Employee attrition
remains a persistent challenge for organizations, with significant impaction
for human capital sustainability and overall strategic organisational
performance. However, existing empirical research in this field often relies on
limited real-world datasets to predict employee turnover and explicitly assume
that insights from real employee datasets are inherently superior despite
increasing constraints related to data access, privacy and ethical governance,
which raises substantial concerns regarding data accessibility, privacy, and
ethical governance. Consequently, there is still limited understanding of
whether synthetic data can be a reliable alternative for predictive modeling in
human resources.
To address this gap, this study examines whether the
employee attrition prediction differ when models are trained on real versus
synthetically generated data in the context of employee turnover.
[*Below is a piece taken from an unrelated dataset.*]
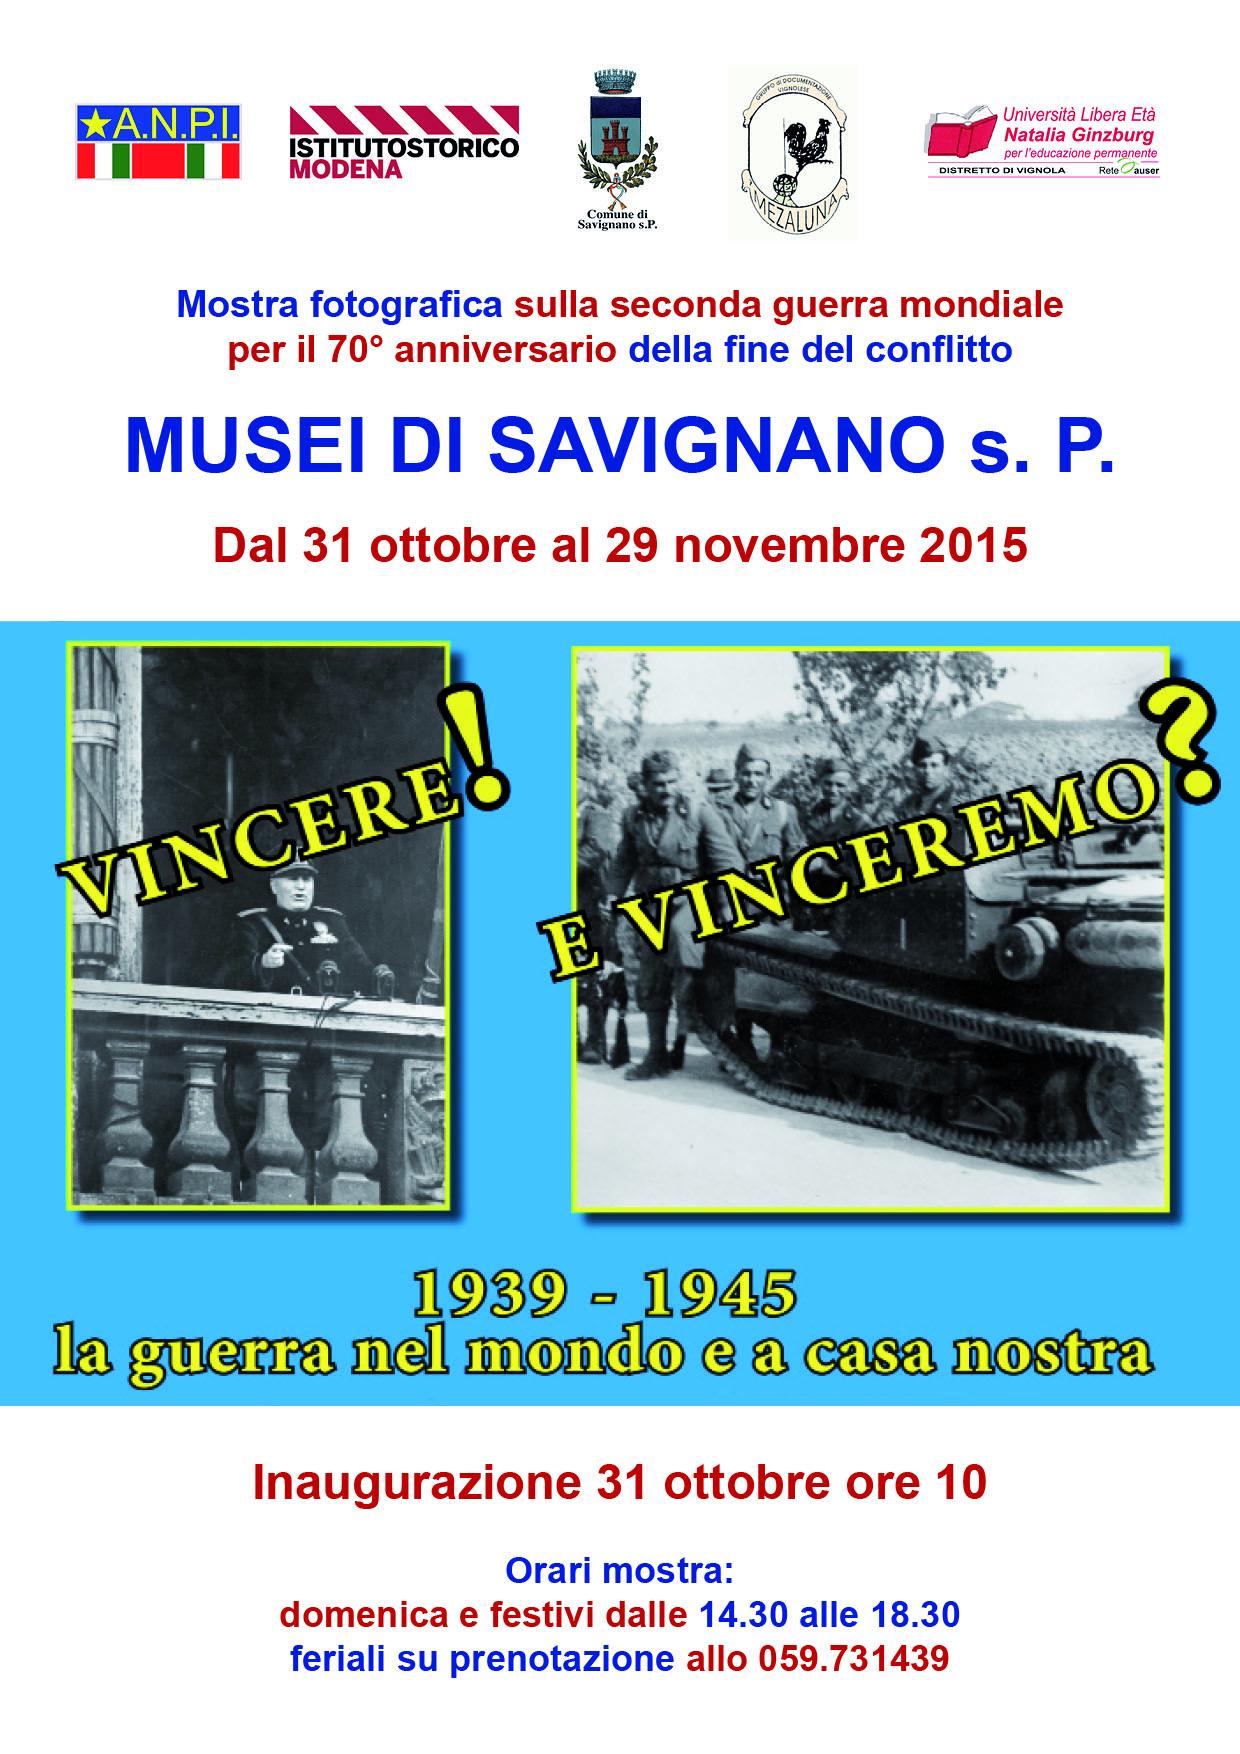 SAVIGNANO_Vincere mostra A4 (3)

The research
uses the International Business Machines (IBM) employee dataset, binary
logistic regression, random forest, and gradient boosting models are applied to
real, bootstrapped, and synthetic datasets to assess predictive reliability.
The original sample of 1,470 observations is expanded through bootstrapping and
synthetic generation to create comparable datasets of 5,000 observations each.
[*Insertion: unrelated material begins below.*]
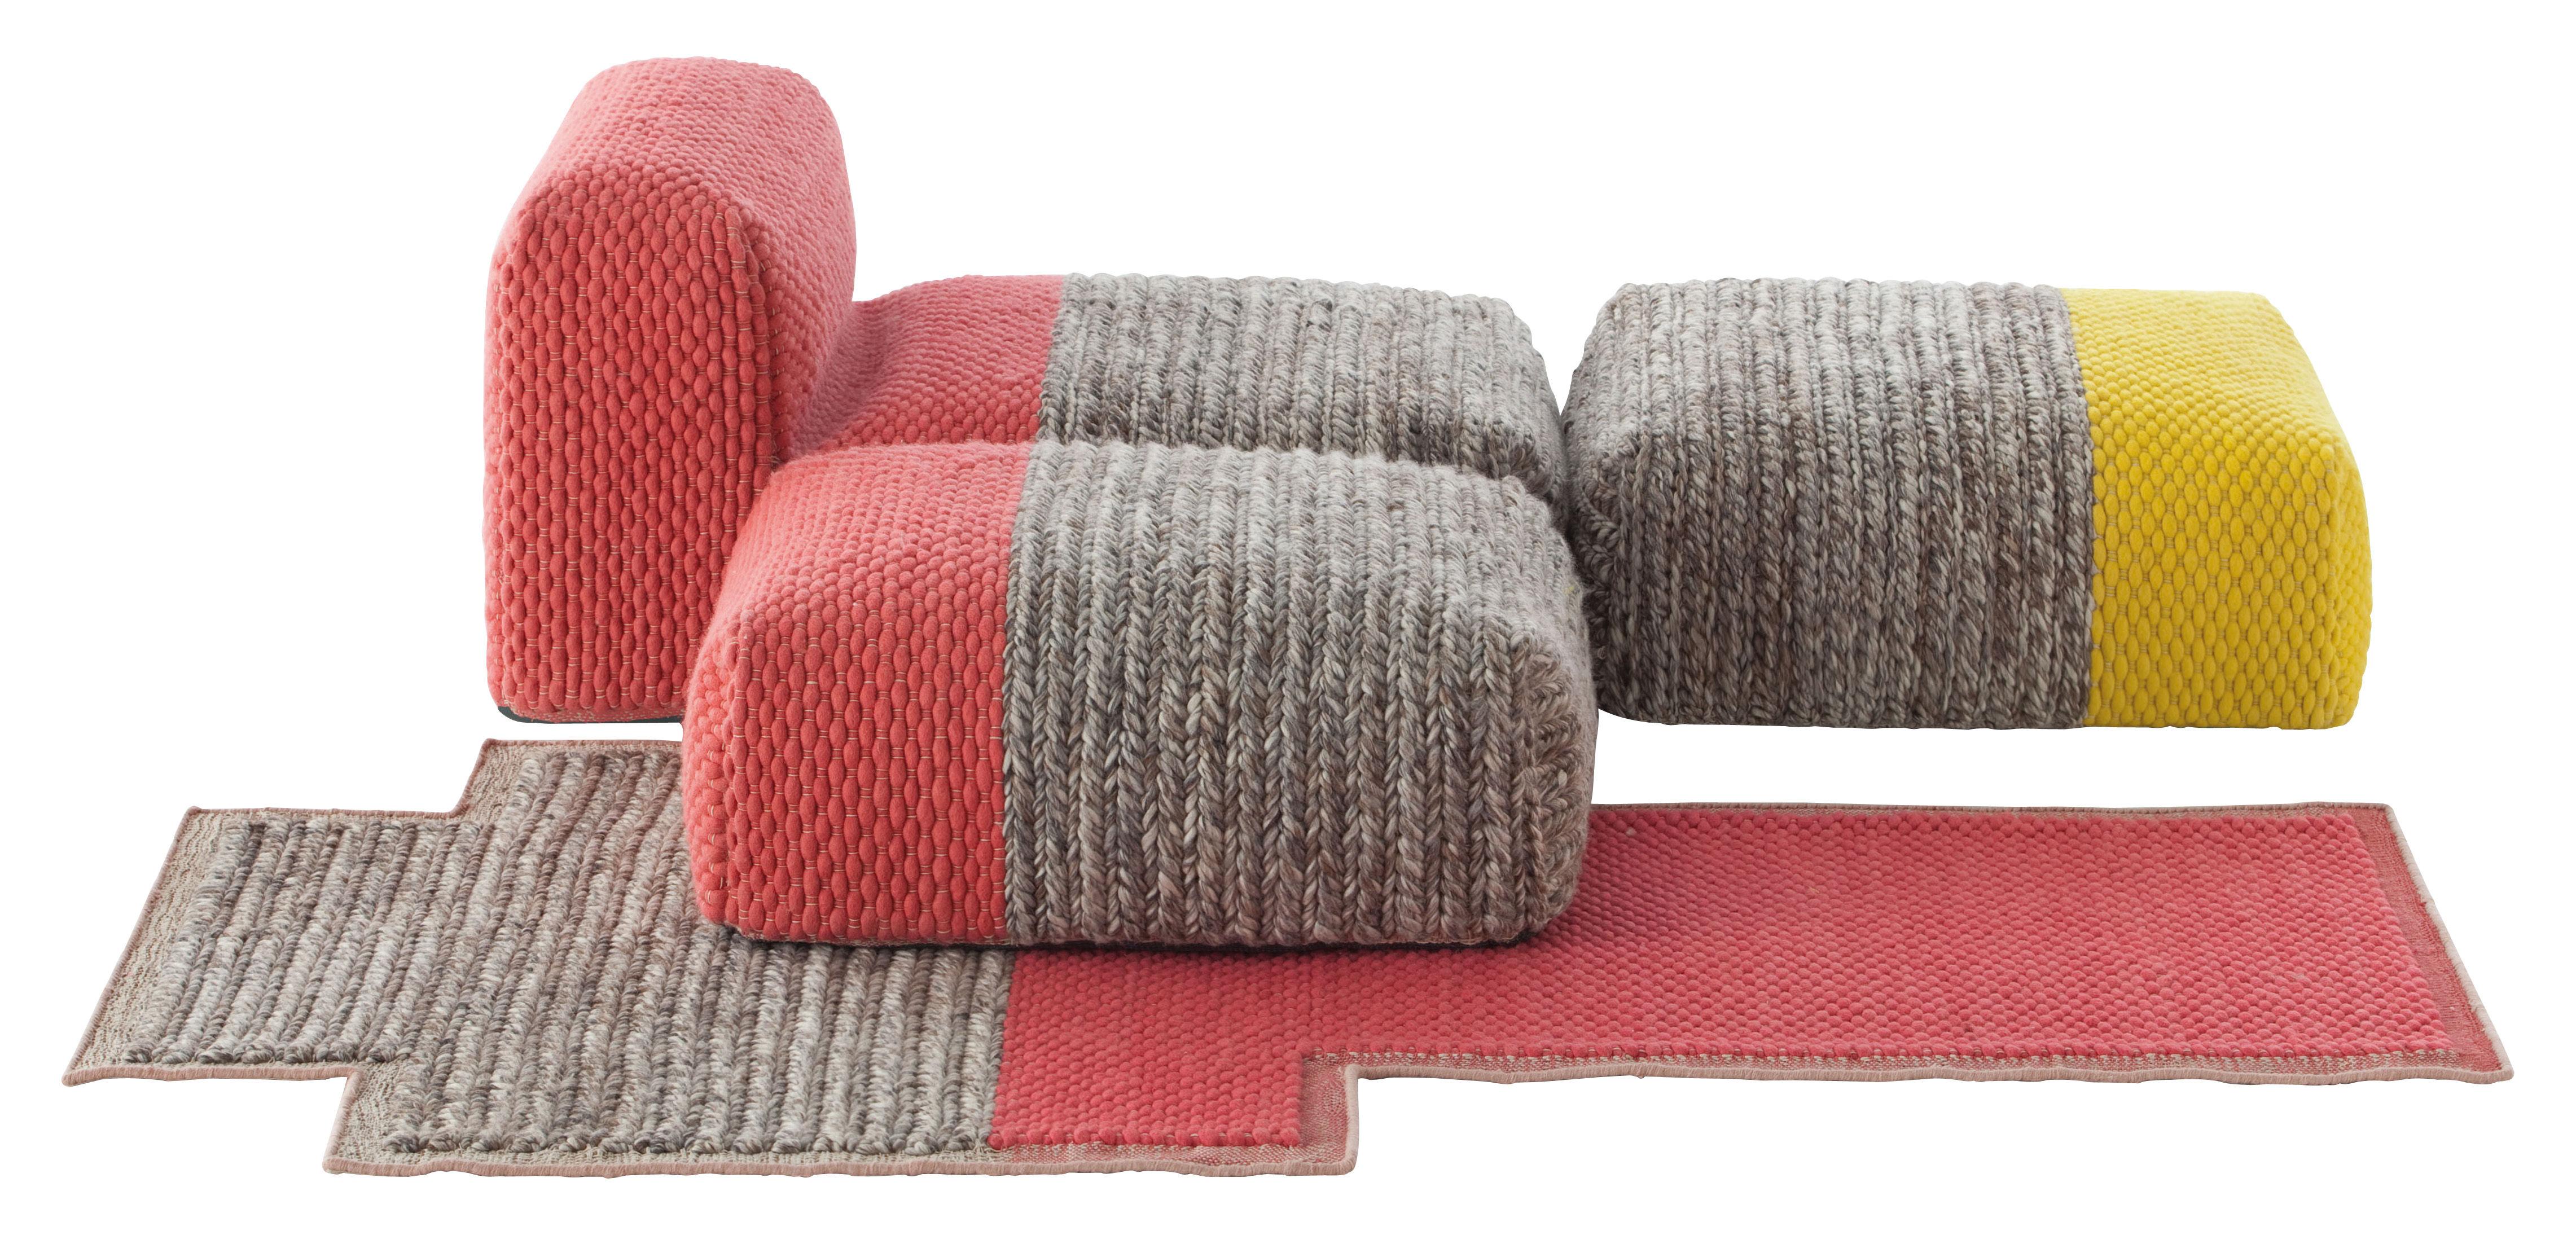 Möbel - Lounge Sessel - n°1 Mangas Space Sofa modulierbar / 1 Chaiselongue + 2 Sitzhocker + 1 Teppich - Gan - Gelb & Koralle - Laine vierge, Mousse caoutchouc

The study systematically compares the performance of binary logistic
regression, random forest, and gradient boosting tree models across these
different types of data.
The results indicate that synthetic data preserves key
attrition-related relationship and yields predictive performance comparable to
real data, although minor reductions are observed in identifying rare attrition
cases. Factors affecting attrition, such as job satisfaction and age, remain
consistent across both real and synthetic datasets. Furthermore, statistical
analyses reveal no significant differences in predictive accuracy among the
models. The study contributes to employee attrition and HR analytics research
by demonstrating that attrition knowledge is not solely dependent on access to
real employee data. It further offers practical insights for organisations
seeking to leverage privacy-preserving analytics to support workforce planning
and retention strategies under data constraints.